Большую часть ночи меняли шестерню первой передачи у Сомова… Обычно шестерни эти летели на пути к Востоку, когда каждый тягач тащил за собой груз тонн в пятьдесят. По ледяному куполу груженым тягачам положено идти на первой передаче, а это значит, что ее шестерня находится в работе значительно больше времени, чем предусмотрено расчетом, и, следовательно, быстрее изнашивается. Гаврилов и Никитин несколько лет назад представили докладную записку, обосновывая необходимость особой обработки этой шестерни для антарктических тягачей, но бумага та, видимо, попала в долгий ящик.

А менять шестерню в условиях похода было делом до крайности кропотливым и мучительным. Следовало снять облицовку и радиатор, отсоединить коробку передачи от планетарного механизма поворота и от двигателя, вытащить ее, весом в полтонны, на божий свет, снять крышку, сбить с вала шестерню и заменить ее новой. И проделать все операции в обратном порядке.

Восемь часов меняли, будь она проклята! И то спасибо Тошке, – не будь Тошки, на ремонт ушло бы суток двое. Походники – люди крупные и сильные, но это несомненное достоинство превращалось в свою противоположность, когда требовал ремонта главный фрикцион. А маленький и юркий Тошка раздевался до кожаной куртки, ужом заползал в двигатель, словно в спальный мешок, сворачивался там калачиком и орудовал ключом, а пальцы шплинтовал с ловкостью фокусника. «Мал золотник, да дорог!» – не дожидаясь похвалы, восторженно отзывался о себе Тошка, когда его вытаскивали за ноги, силой распрямляли и уводили греться.

А детали все были тяжелые, стальные, и не каждую сподручно поднять артелью.
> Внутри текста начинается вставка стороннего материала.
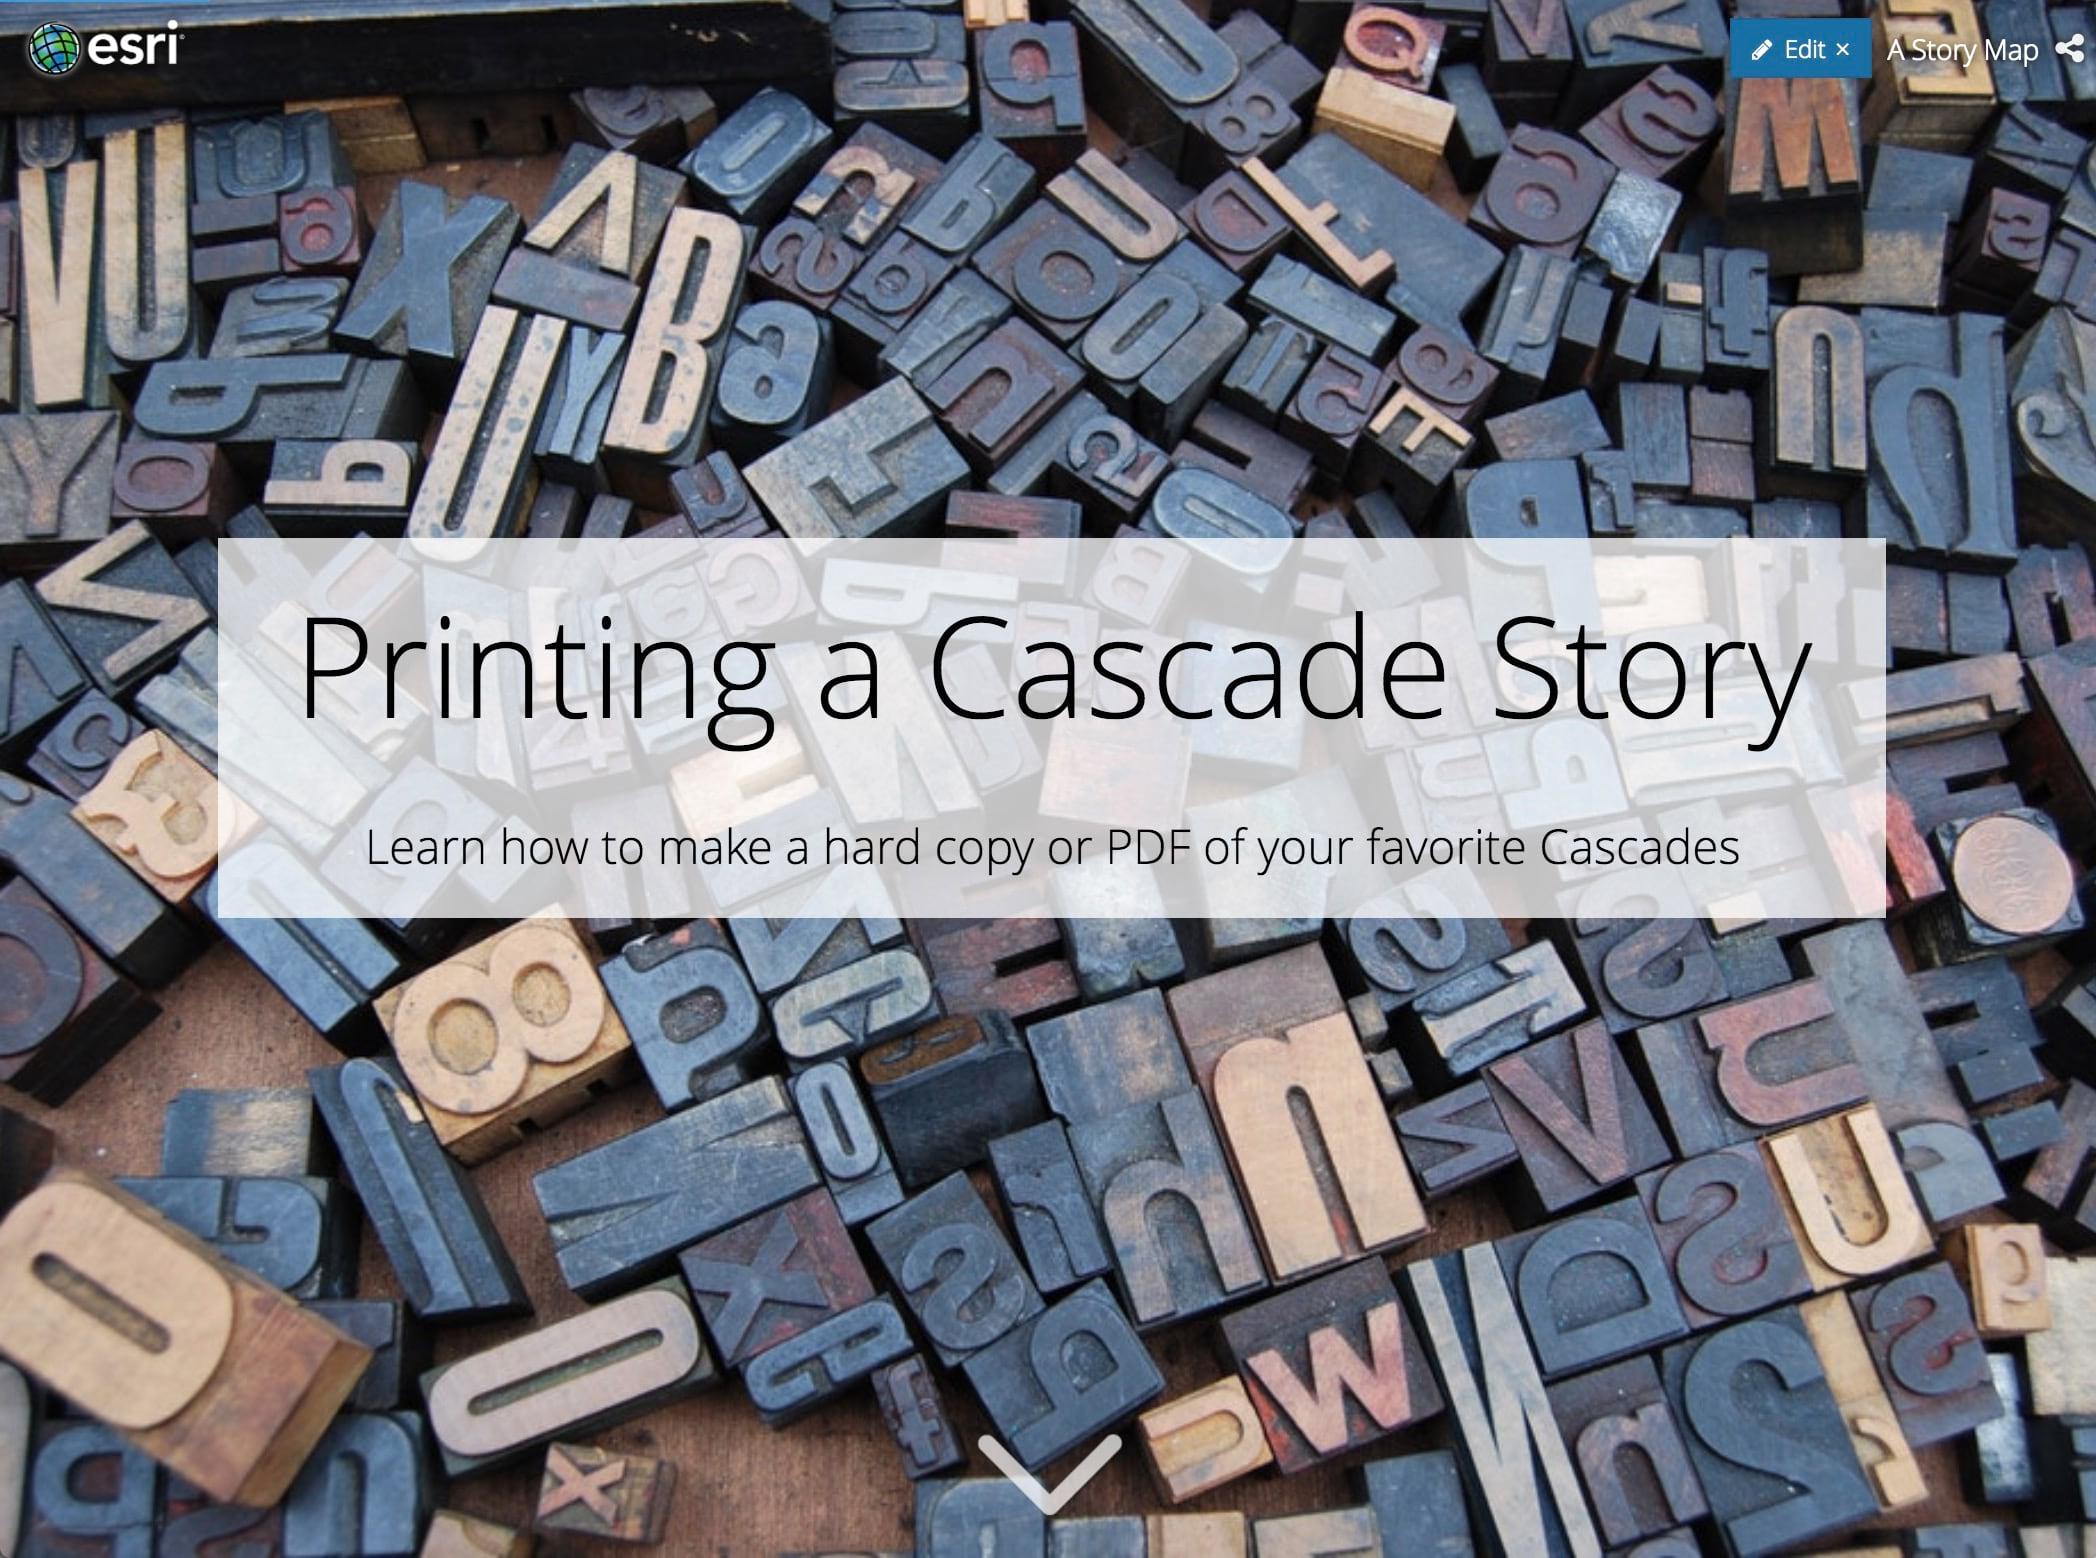 Printing a Cascade Story
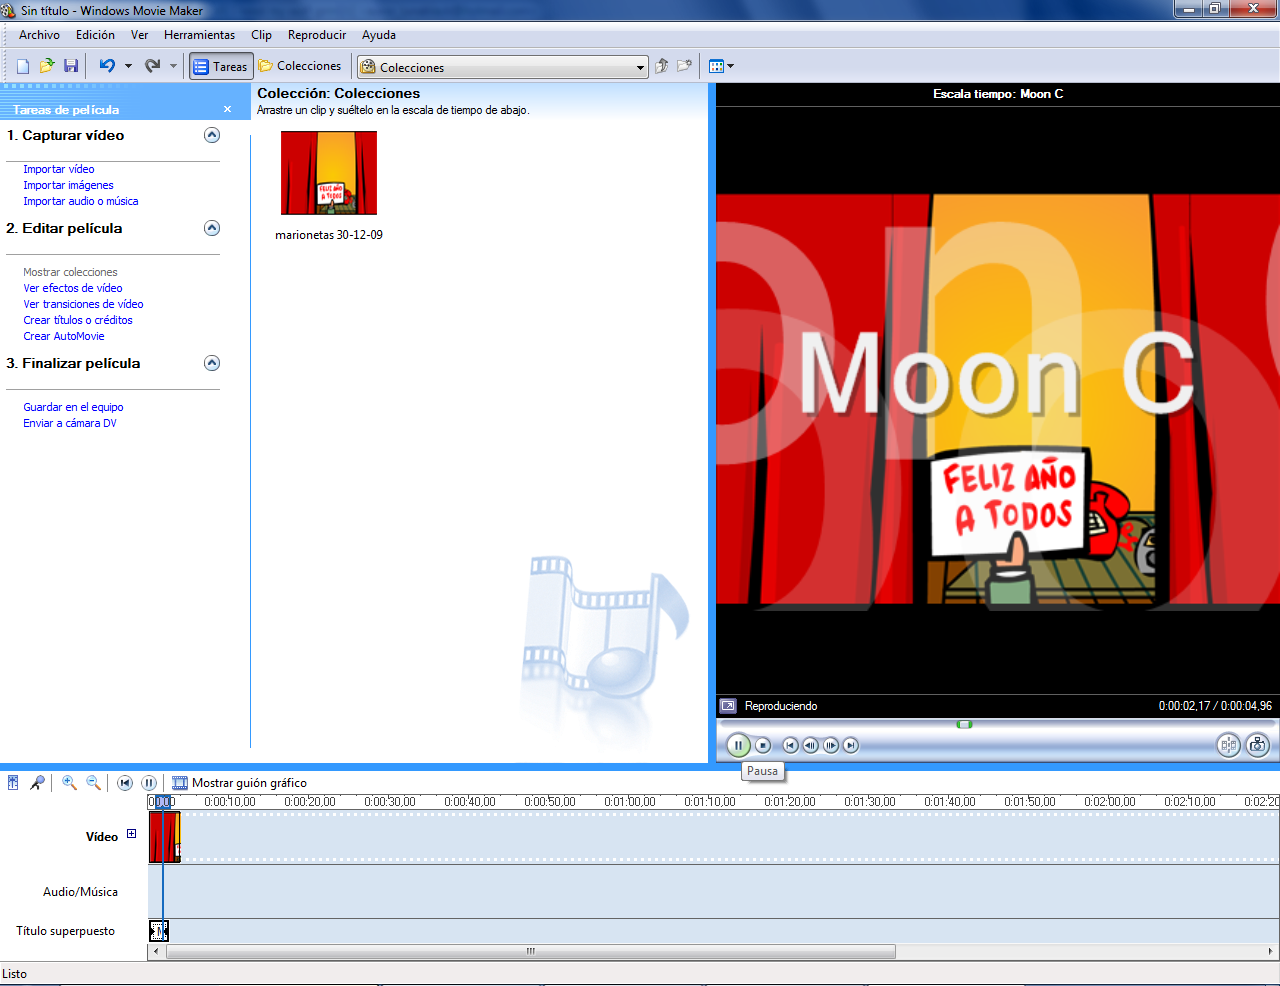 windows movie maker para windows 7 moon c

Коробку передач – ту Валера вытаскивал краном своей «неотложки», шестерни и облицовочные щиты поднимали руками, а двадцать – тридцать килограммов на куполе при морозе на все сто тянут. Без рук, без ног остались, полумертвые притащились на камбуз, даже Ленька Савостиков в тамбур забрался с третьей попытки. Никто не смеялся над Ленькой – поработал он побольше крана.

Спасли тягач, а за ужином молчали, в непривычной тишине сидели, сосредоточенно глядя каждый в свою тарелку, и пронизывало эту тишину какое-то напряжение. Ухом старого солдата уловил его Гаврилов. Наэлектризованная тишина, плохая, подумал он, будто перед артналетом. Заметил, что вилка в руке Сомова подрагивает, задерживается у самого рта, словно Сомов хочет что-то сказать и никак не найдет нужного слова. На пределе Вася, подметил Гаврилов, исхудал, каэшка висит, как на пугале, борода пошла сединой, это в его-то тридцать пять лет. Понять бы, где он, верхний предел усталости.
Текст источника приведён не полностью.